# Pymaceuticals Inc.
---

### Analysis

Typically, scientific data needs to be analyzed relative to controls in order to deduce the meaning behind the data.  Thus, an additional analysis of the Placebo was included.  A placebo, by definition, would be classified as a negative control, thus, allowing for comparison of the drug efficacy versus if nothing was done at all.

Comparison of the four drugs, Capomulin, Ceftamin, Infubinol, and Ramicane, the more efficacious drugs at decreasing overall tumor volume were Capomulin and Ramicane.  In fact, in comparison with Placebo, Infubinol and Ramicane did not have a significant impact on decreasing overall tumor volume.  Further studies into the targets of each of these drugs, and specifically Capomulin and Ramicane would be most helpful at honing in on the best drug regimens to administer as well as optimal drug targets to conduct studies on in future investigations.

The overall study took into account bias against gender, and analysis of the mice used in this study showed no preference was given to either gender.  A total of 249 mice were orignally used to conduct this study, with male and female mice at 125 and 124, respectively.  

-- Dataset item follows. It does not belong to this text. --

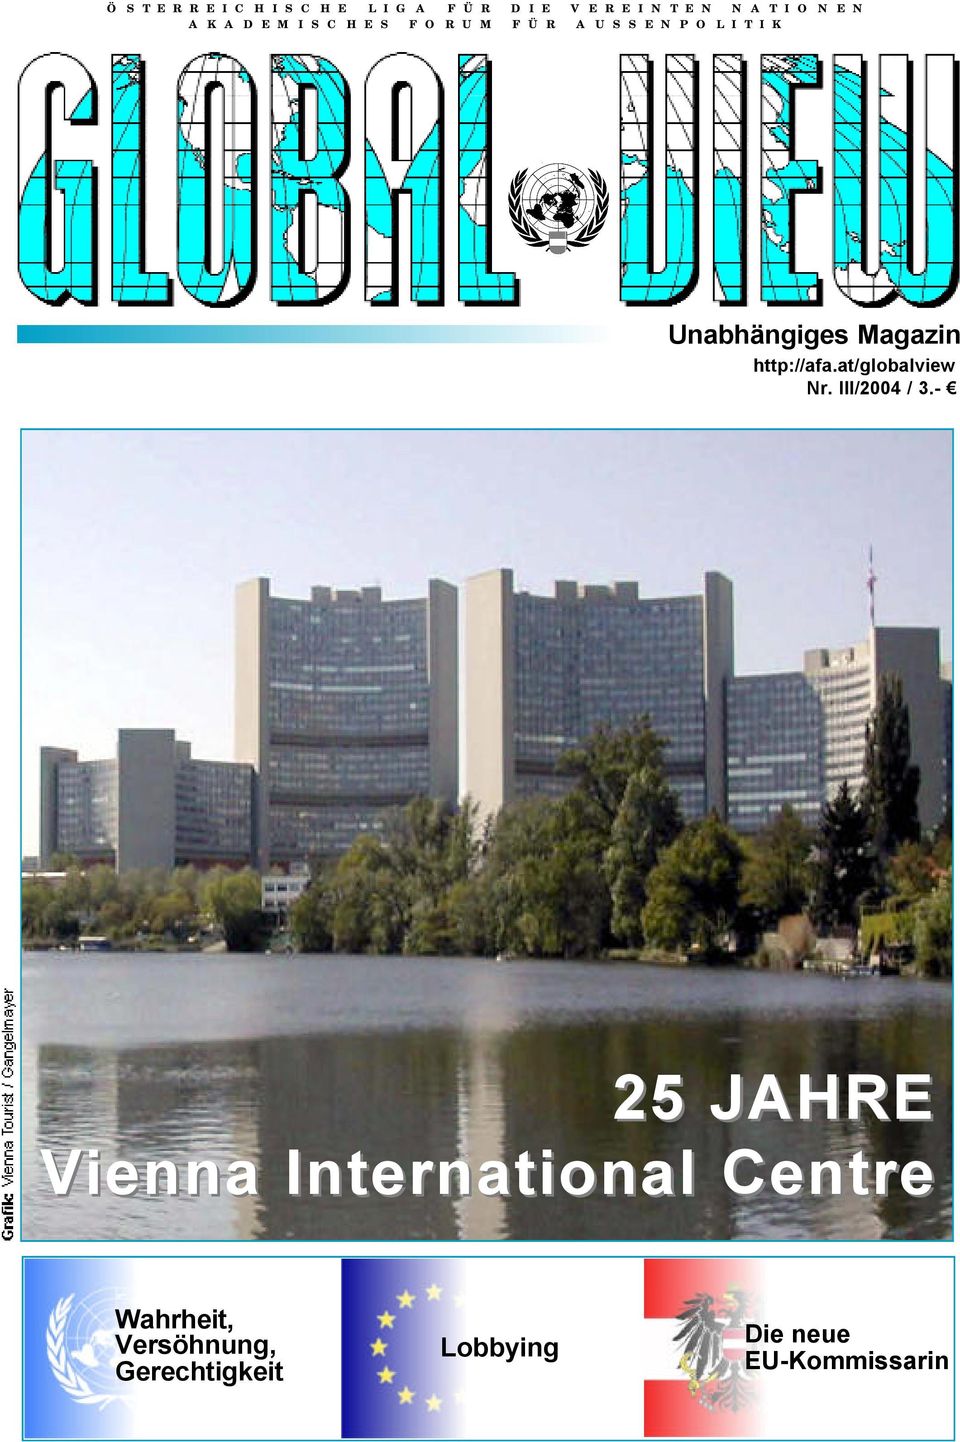 Unabhängiges Magazin http://afa.at/globalview Nr. III/2004 / 3.

There was a positive correlation between average tumor volume and the weight of the mouse under the Capomulin regimen. However, whether this is significant is difficult to discern unless we have a control for comparison.  Again, additional analysis of the placebo regimen will act as a negative control.  Scatter plot and regression analyis of mice under the placebo regimen show a lower correlation score compared to Capomulin (-0.2 vs 0.83) and a more varied scatter plot for placebo.  Thus, mice under the Capomulin regimen exhibit a significant average tumor volume increase as the weight of the mouse increases.  



 

In [None]:
# Dependencies and Setup
import matplotlib.pyplot as plt
import pandas as pd
import scipy.stats as st
# added more depndencies
import numpy as np
from scipy.stats import sem
from scipy.stats import linregress


# Study data files
mouse_metadata_path = "data/Mouse_metadata.csv"
study_results_path = "data/Study_results.csv"

# Read the mouse data and the study results
mouse_metadata = pd.read_csv(mouse_metadata_path)
study_results = pd.read_csv(study_results_path)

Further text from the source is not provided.